Warum Perimenopause oft übersehen wird, welche Folgen das hat und weshalb Wissen über Wechseljahre noch immer eine Lücke im Gesundheitssystem ist.
Wenn ein Arzt nicht weiss, dass die hormonelle Umstellung bereits ab Mitte Dreissig beginnt, führt das dazu, dass die eigentlichen Ursachen jahrelang übersehen werden. Dieser Satz ist leider weit verbreitet und falsch:
„Für die Wechseljahre sind Sie noch zu jung.“
Denn die Wechseljahre beginnen nicht erst mit der letzten Blutung. Das wäre die Menopause, die ein Jahr nach der letzten Blutung beginnt. Die hormonelle Umstellung kann bereits Mitte oder Ende dreissig einsetzen. Diese Phase nennt sich Perimenopause, und sie verläuft selten geradlinig. Hormone schwanken, manchmal stark, manchmal kaum spürbar, aber fast immer mit Auswirkungen auf Körper und Psyche.
Viele Frauen merken zuerst kleine Veränderungen: schlechter Schlaf, plötzliche Erschöpfung, innere Unruhe, Vergesslichkeit, Reizbarkeit, depressive Verstimmung oder Konzentrationsprobleme. Manche beschreiben es als Gefühl, sich selbst ein Stück weit zu verlieren, ohne erklären zu können warum.
Warum hilft mir keiner?
Die Wechseljahre sind bis heute ein Thema, das in der medizinischen Ausbildung nur am Rand vorkommt. Viele Ärzt:innen haben während ihres Studiums nicht gelernt, wie vielfältig hormonelle Veränderungen bei Frauen sein können. Entsprechend werden Symptome häufig einzeln behandelt statt im Zusammenhang gesehen.
So beginnt für viele Frauen eine lange Suche nach Antworten. Studien und Erfahrungsberichte zeigen, dass Betroffene oft drei bis fünf Ärzt:innen aufsuchen, bevor Wechseljahresbeschwerden überhaupt als mögliche Ursache erkannt werden. Das kostet nicht nur Geld, sondern auch Zeit und Nerven.Dabei sprechen wir nicht über ein Randphänomen. Jede vierte Frau erlebt Beschwerden, die ihren Alltag deutlich beeinflussen können.

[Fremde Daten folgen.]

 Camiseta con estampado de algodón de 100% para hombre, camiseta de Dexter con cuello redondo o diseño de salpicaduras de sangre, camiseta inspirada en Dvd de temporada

Die Liste möglicher Symptome ist lang: Hitzewallungen und Nachtschweiss sind nur die bekanntesten. Hinzu kommen Schlafstörungen, Müdigkeit, Gelenk- und Muskelschmerzen, Stimmungsschwankungen, depressive Verstimmungen, Brain Fog, urogenitale Beschwerden oder plötzlich sinkende Belastbarkeit. Viele dieser Veränderungen wirken zunächst unspezifisch und werden deshalb selten sofort miteinander verbunden.

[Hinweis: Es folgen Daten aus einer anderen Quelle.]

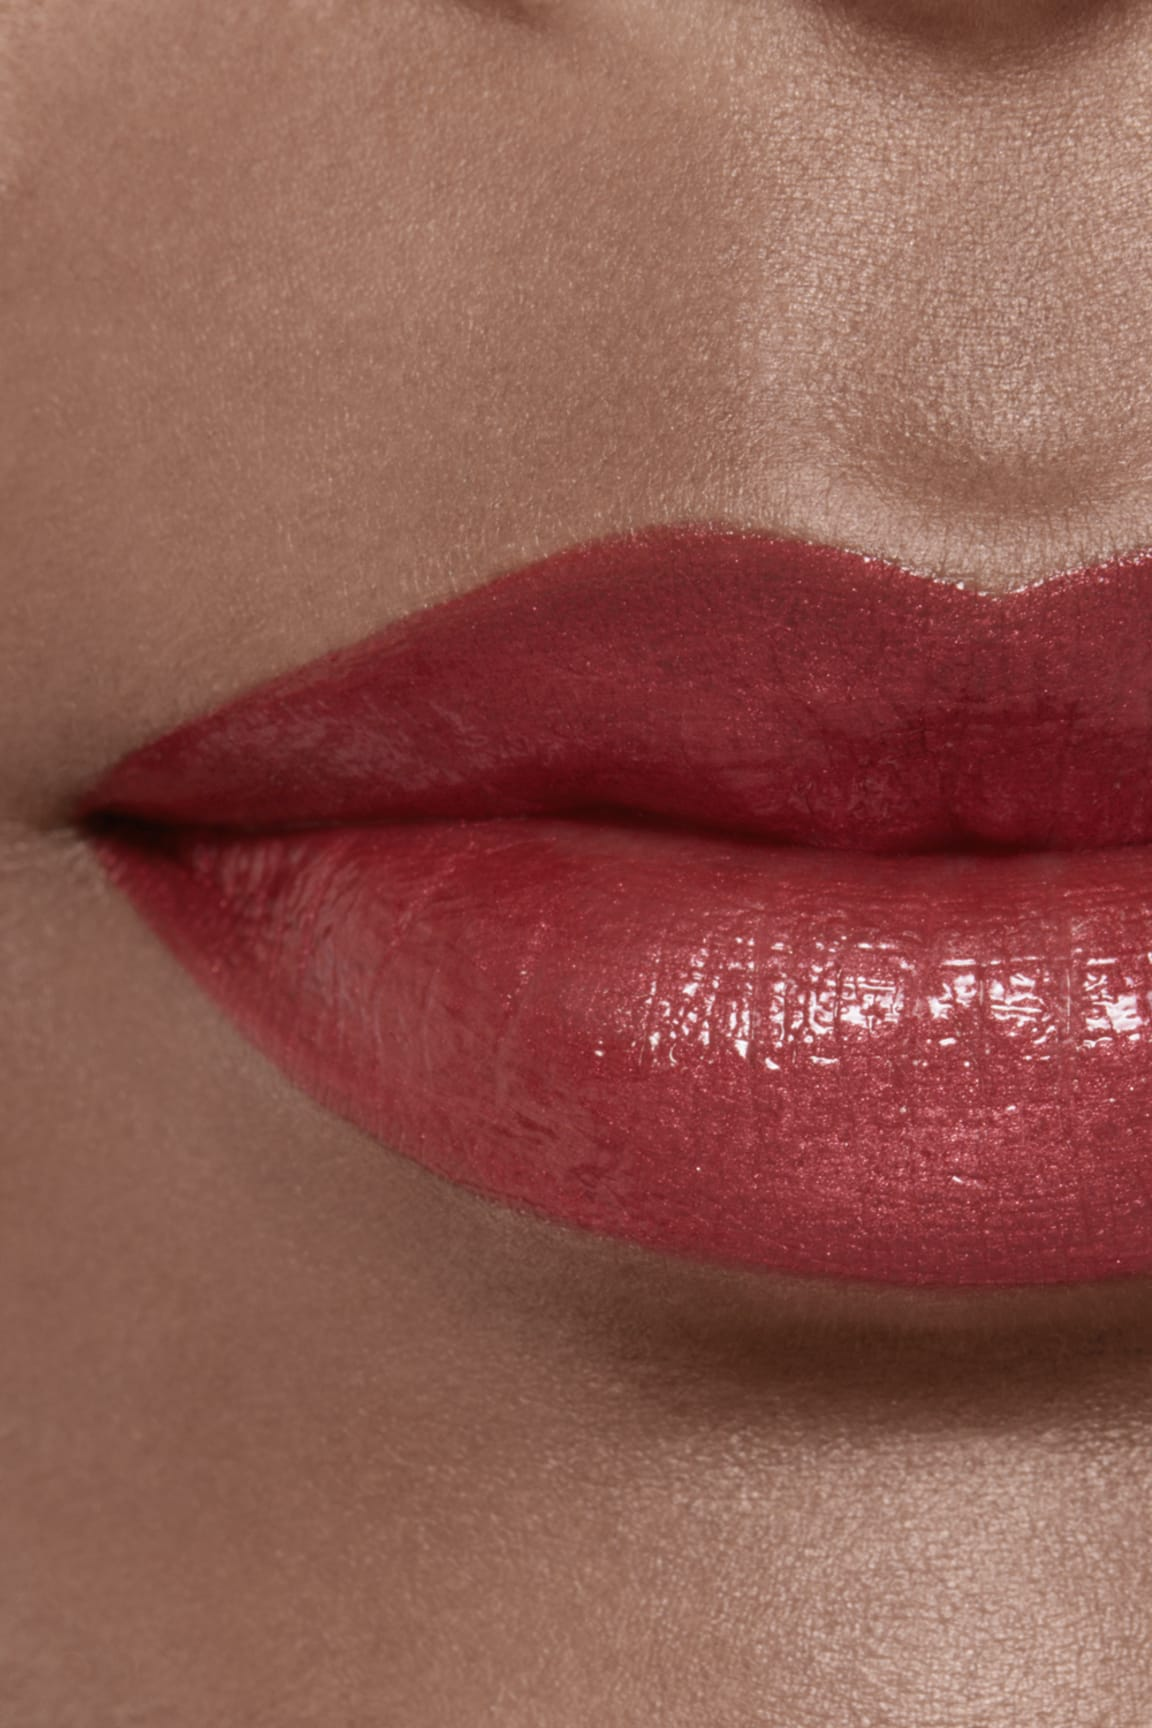 Application makeup visual 2 - ROUGE ALLURE LAQUE 84 - ROSE AMBIGU

Die wichtigste Botschaft: Du bist nicht „zu jung“, du bist früher dran als das alte Narrativ. Und dein Körper verdient eine Antwort, keine Vertröstung.
Bleiben Symptome unbehandelt oder unverstanden, kann das weitreichende Folgen haben. Alltag wird anstrengender, Selbstvertrauen leidet, Beziehungen verändern sich, und auch im Berufsleben entstehen Herausforderungen. Konzentrationsprobleme oder chronische Erschöpfung führen nicht selten zu Fehlzeiten oder dem Gefühl, nicht mehr mithalten zu können, obwohl Erfahrung und Kompetenz auf dem Höhepunkt sind.
Trotzdem wird über diese Lebensphase noch immer wenig gesprochen.
Die Menopause ist gesellschaftlich stark stigmatisiert, oft verbunden mit falschen Vorstellungen von Alter, Leistungsfähigkeit oder Attraktivität. Viele Frauen schweigen deshalb lange, selbst im eigenen Umfeld. Doch genau hier beginnt Veränderung: mit Wissen.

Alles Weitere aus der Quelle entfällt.